Is there anything special about removing the forks from a Tarmac SL3 frameset?
Most bikes I have worked on if you just take off the stem the fork will just drop out of the head tube. I called my LBS where I bought the frame and asked them if I could bring in the fork to get it cut and the salesperson I talked with told me his mechanic said the headset would have to be removed and it would cost about $50 bucks. I asked why the headset would need to be removed and he couldn't answer that (becasue he was a salespersion). I thought everything he told me sounded off.


----------



## avalnch33 (Jul 19, 2006)

Are you simply trying to cut it down? What year bike is it? How much are you trying to cut off the steerer tube?


----------



## jnbrown (Dec 9, 2009)

avalnch33 said:


> Are you simply trying to cut it down? What year bike is it? How much are you trying to cut off the steerer tube?


Yes, it is a brand new 2011. Need to cut off 4"


----------



## PJ352 (Dec 5, 2007)

jnbrown said:


> Yes, it is a brand new 2011. Need to cut off 4"


JMO, but if you purchased the bike from this LBS they should provide that service as part of the fitting (because it is). 

That aside, you'll need to disconnect the front brake cable, remove the top cap/ bolt, loosen the expander plug bolt and remove the assembly, loosen the stem bolts (hold onto the fork) and remove the stem, spacers and conical cone. Then remove the compression ring and upper bearing and slide the fork through the bottom of the HT. Remove the lower bearing.


----------



## avalnch33 (Jul 19, 2006)

what he said. haha


----------



## ewitz (Sep 11, 2002)

or you could just cut the fork in situ.


----------



## rbart4506 (Aug 4, 2004)

PJ352 said:


> JMO, but if you purchased the bike from this LBS they should provide that service as part of the fitting (because it is).
> 
> That aside, you'll need to disconnect the front brake cable, remove the top cap/ bolt, loosen the expander plug bolt and remove the assembly, loosen the stem bolts (hold onto the fork) and remove the stem, spacers and conical cone. Then remove the compression ring and upper bearing and slide the fork through the bottom of the HT. Remove the lower bearing.

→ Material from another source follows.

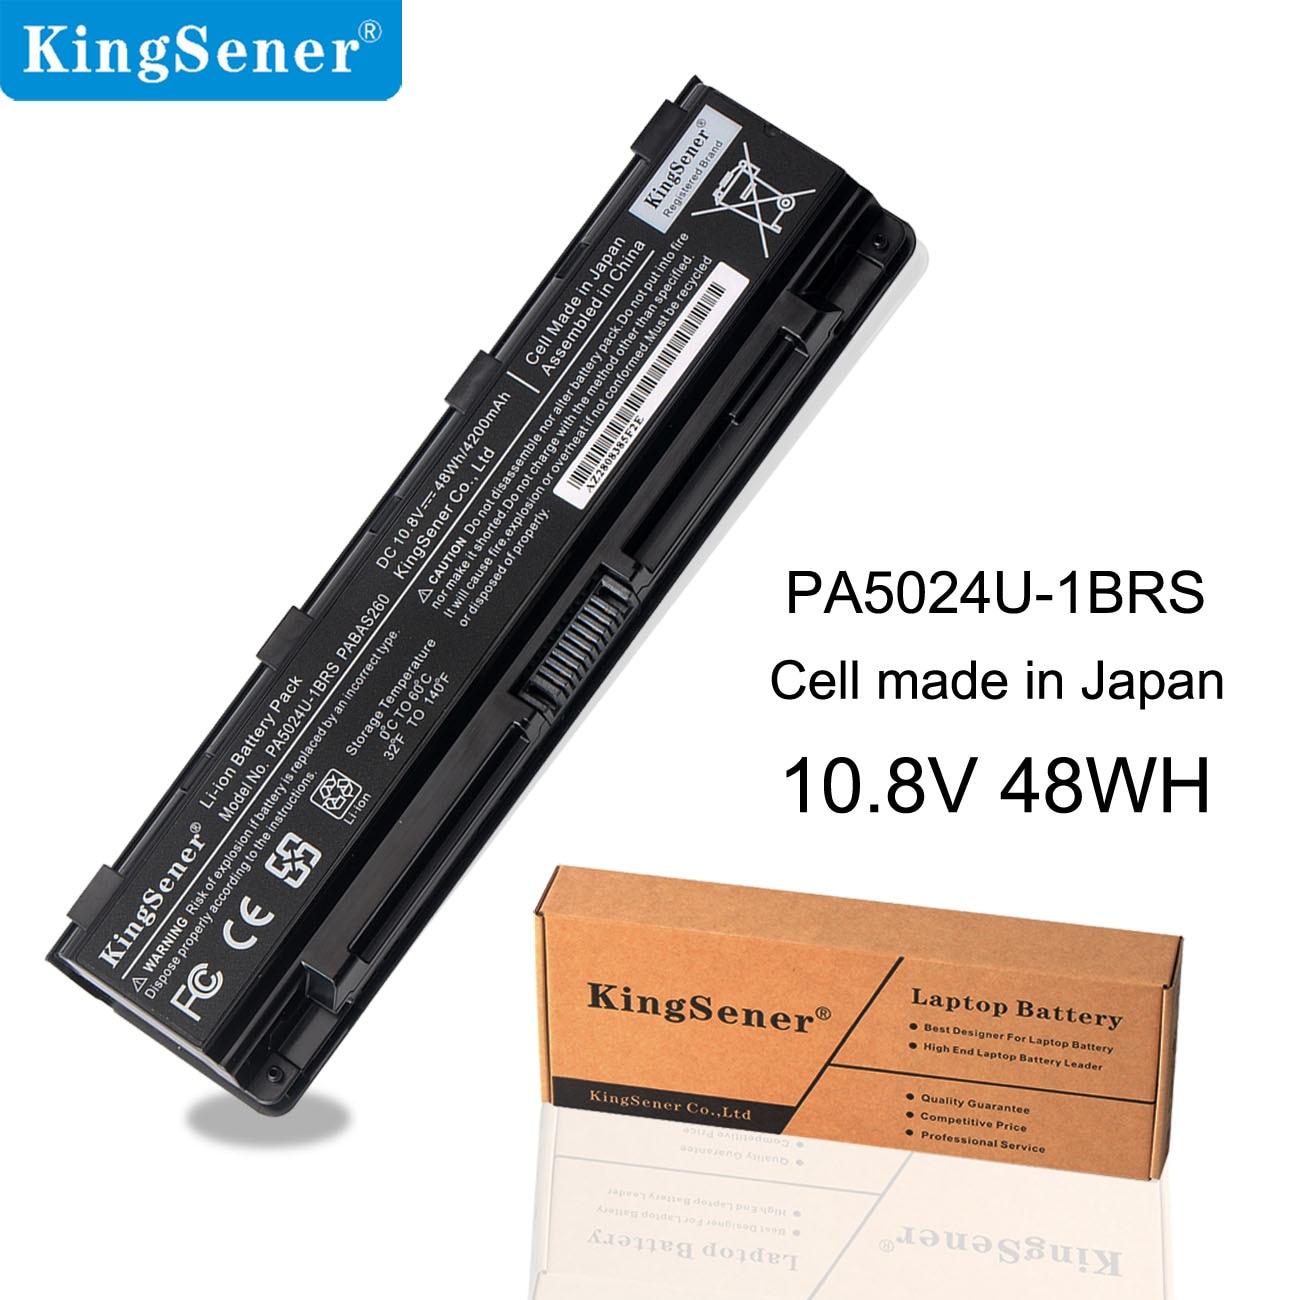 Kingsener PA5024U-1BRS Laptop Battery for Toshiba Satellite C850 C850D C855D C855 C870 C875 C800 PA5023U-1BRS PA5024U PABAS260

I find it easier to just remove the front brake from the fork, YMMV...


----------



## early one (Jul 20, 2010)

ewitz said:


> or you could just cut the fork in situ.


A tube cutter works good.


----------



## pdainsworth (Jun 6, 2004)

early one said:


> A tube cutter works good.


Not a good idea on a carbon steerer. That will probably crush and splinter it. Better off using a fine-toothed hacksaw and wrapping the cut with duct tape prior to cutting it. A Park cutting guide is nice, too.


----------



## rhauft (Aug 8, 2006)

*If you need to ask...*



jnbrown said:


> Is there anything special about removing the forks from a Tarmac SL3 frameset?
> Most bikes I have worked on if you just take off the stem the fork will just drop out of the head tube. I called my LBS where I bought the frame and asked them if I could bring in the fork to get it cut and the salesperson I talked with told me his mechanic said the headset would have to be removed and it would cost about $50 bucks. I asked why the headset would need to be removed and he couldn't answer that (becasue he was a salespersion). I thought everything he told me sounded off.


If you at all unsure or have never performed this procedure before, I would not recommend experimenting on your SL3. 
Bring the entire bike to the LBS that you purchased it at and ask them nicely to finish your fitting.


----------